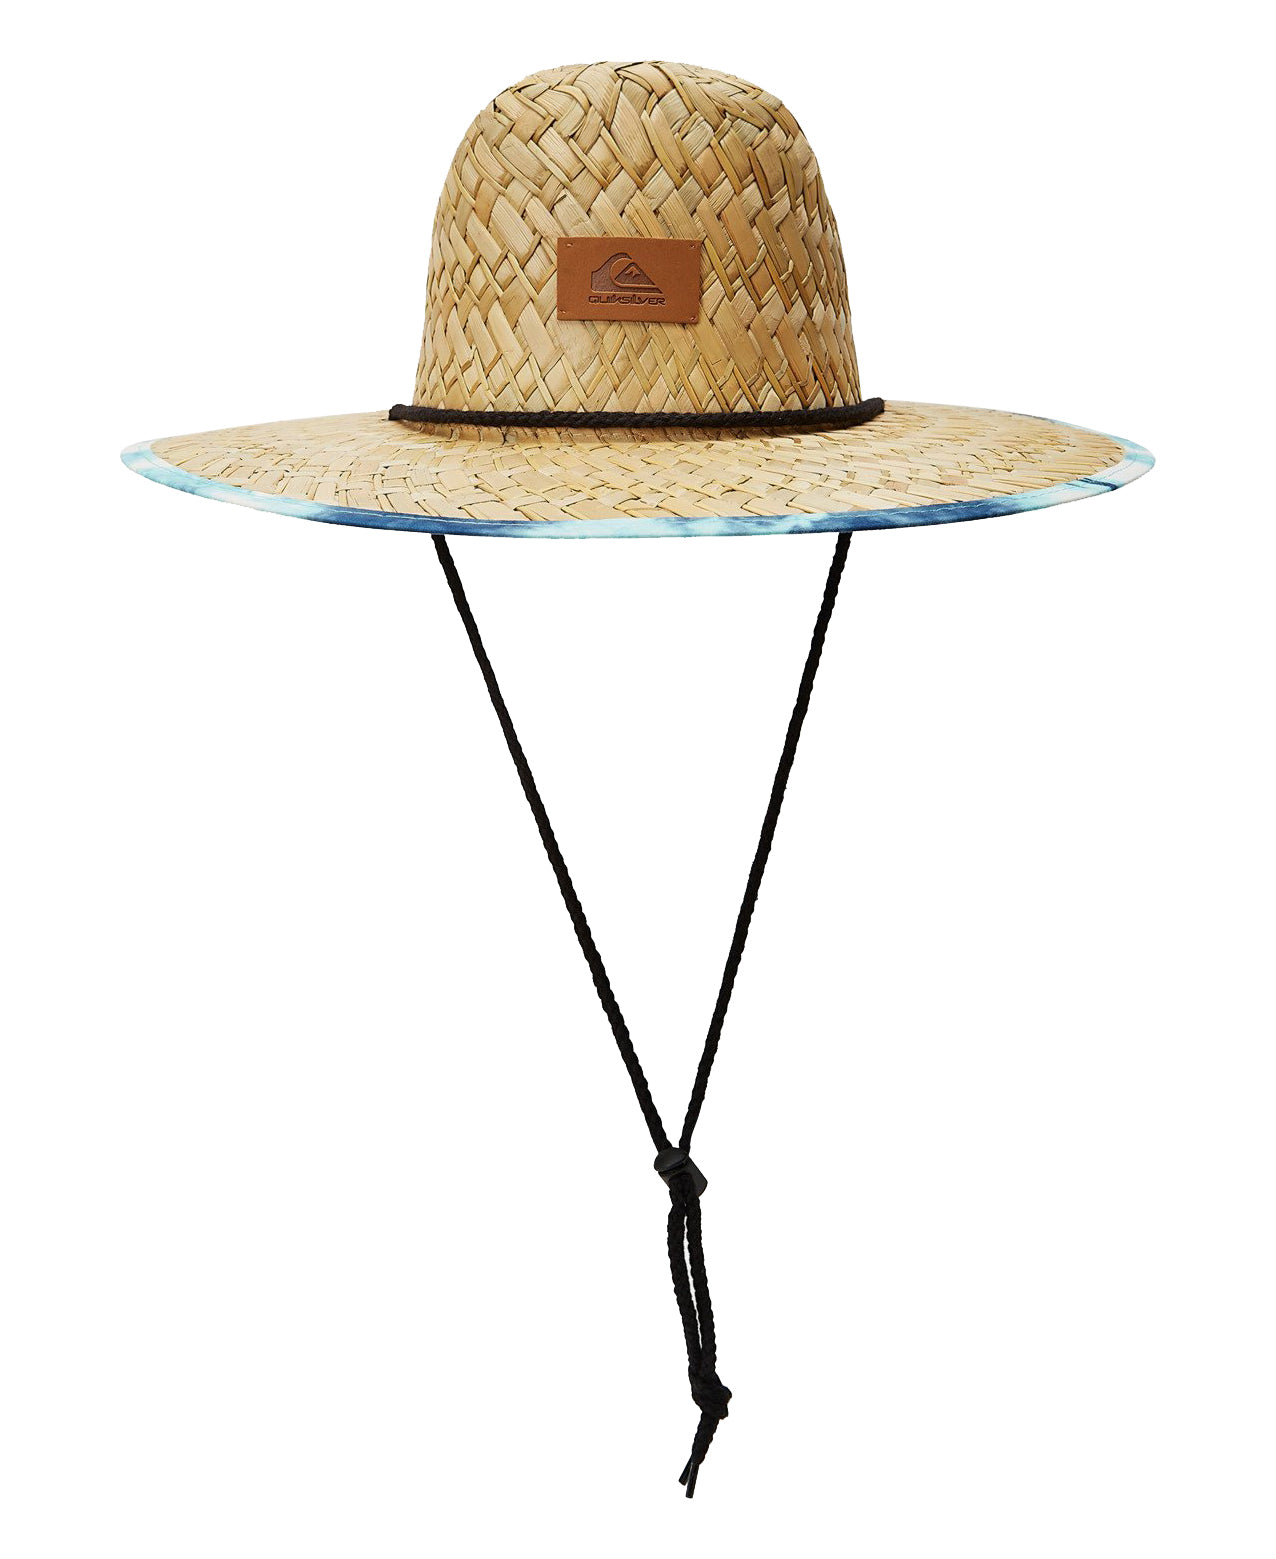 Quiksilver Outsider Straw Lifeguard Hat BSN0 L/XL
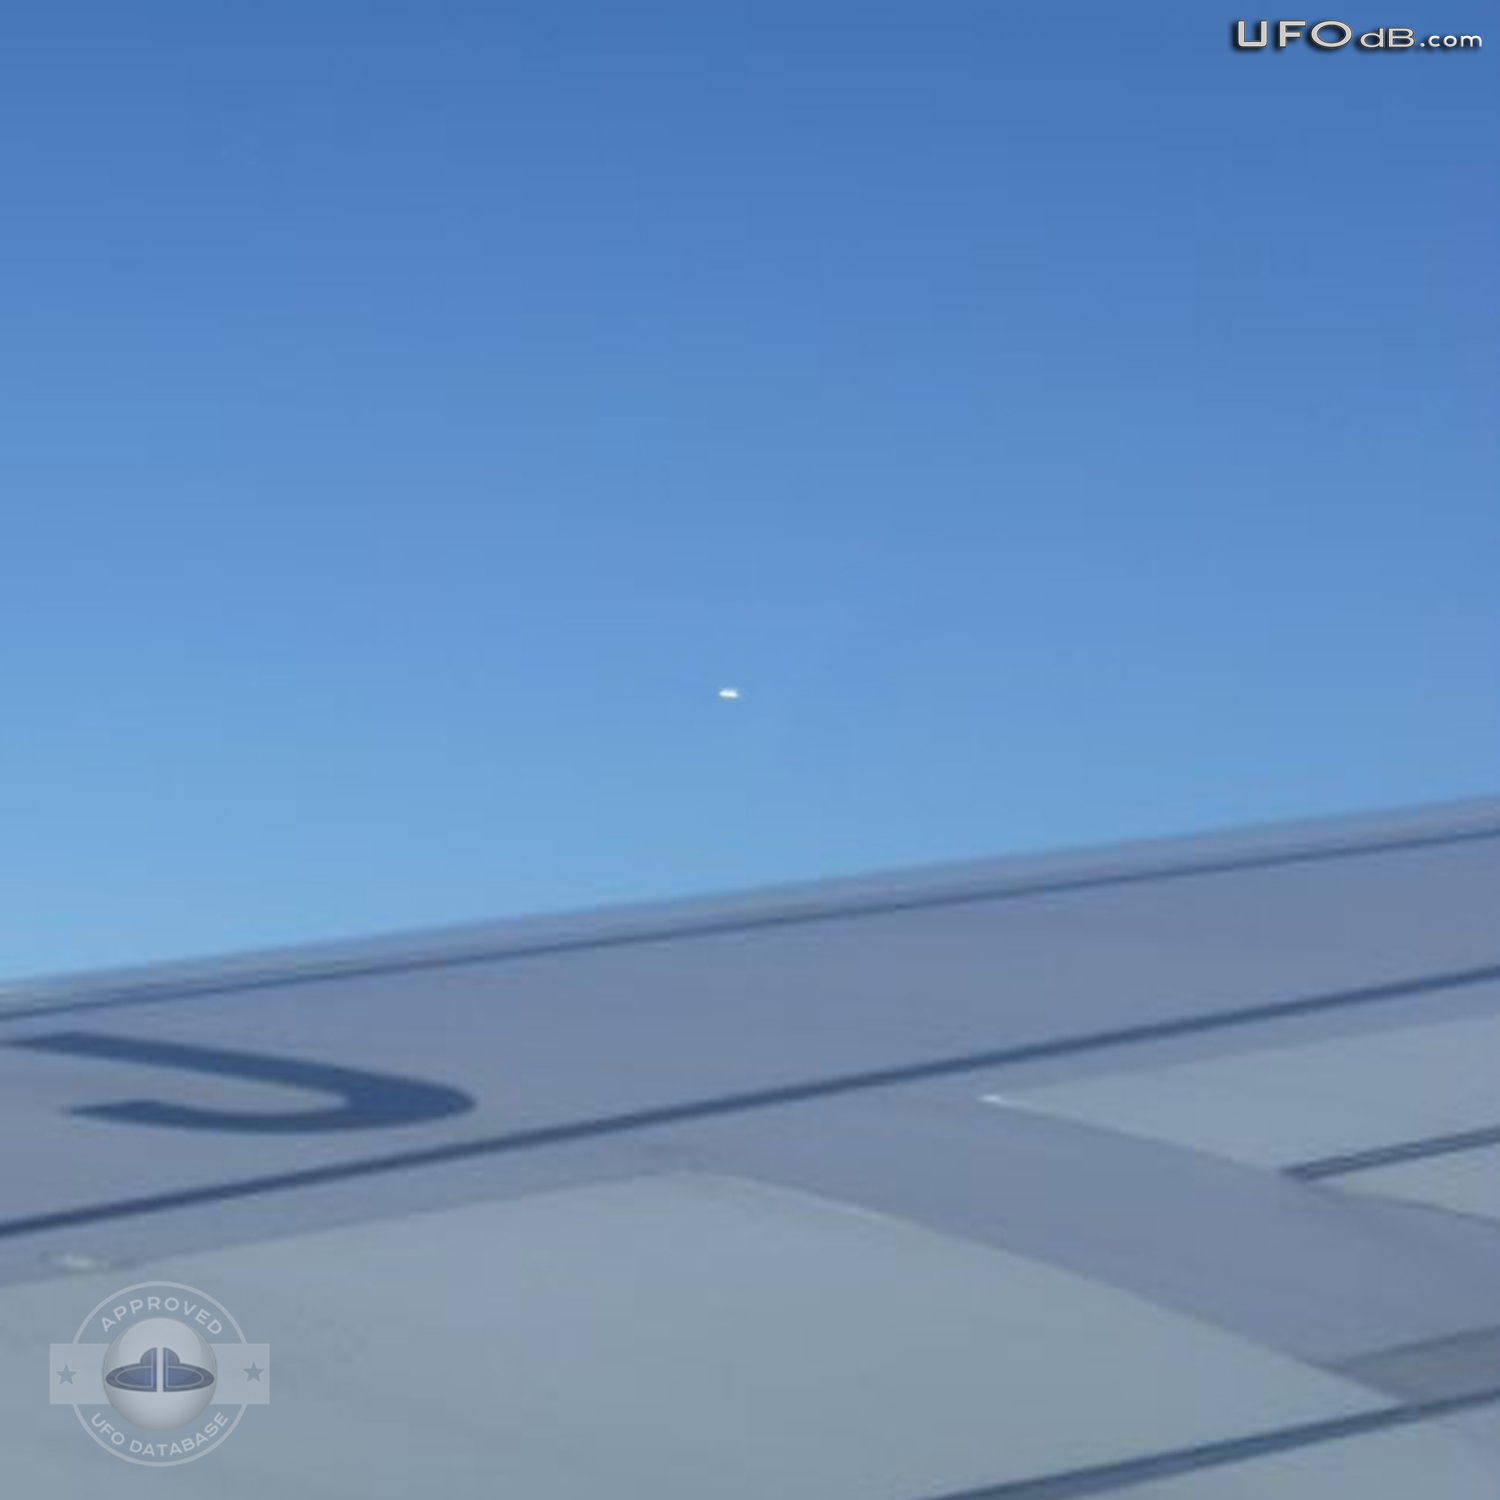 TACA passenger get UFO picture during flight over Peru | June 18 2010 UFO Picture #317-2
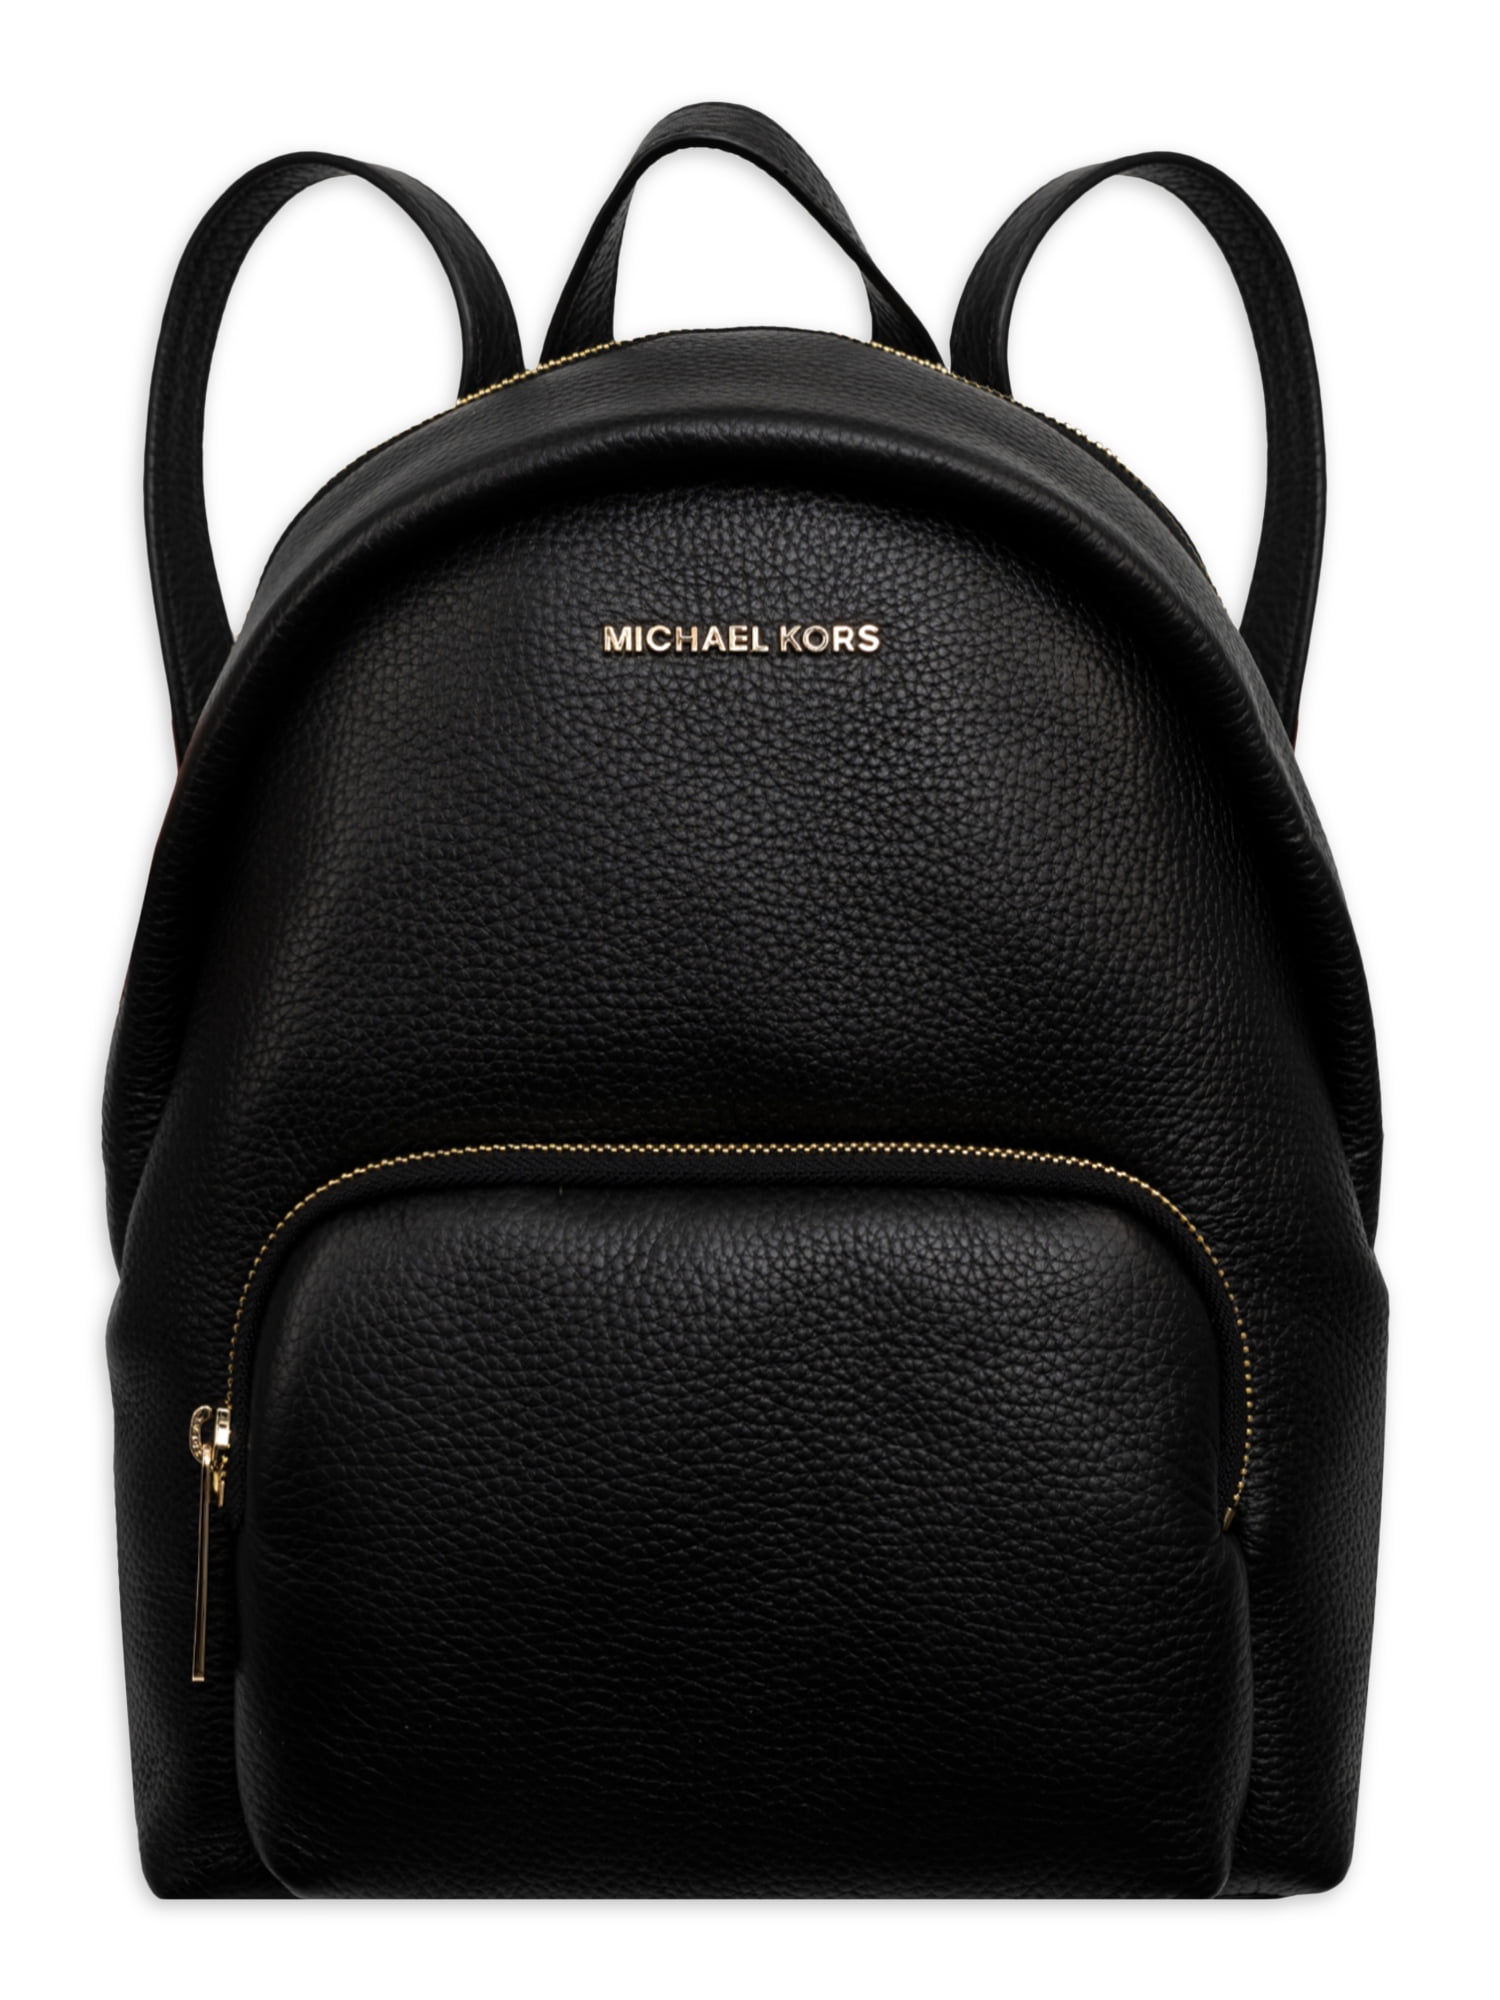 Michael Kors Women's Erin Medium Pebbled Leather Backpack - Black -
^^^^
» Problem to work on:
Through to the final line, copy the material above exactly and skip the images.

» Finished task:
 Quiksilver Outsider Straw Lifeguard Hat BSN0 L/XL
 TACA passenger get UFO picture during flight over Peru | June 18 2010 UFO Picture #317-2
 Michael Kors Women's Erin Medium Pebbled Leather Backpack - Black -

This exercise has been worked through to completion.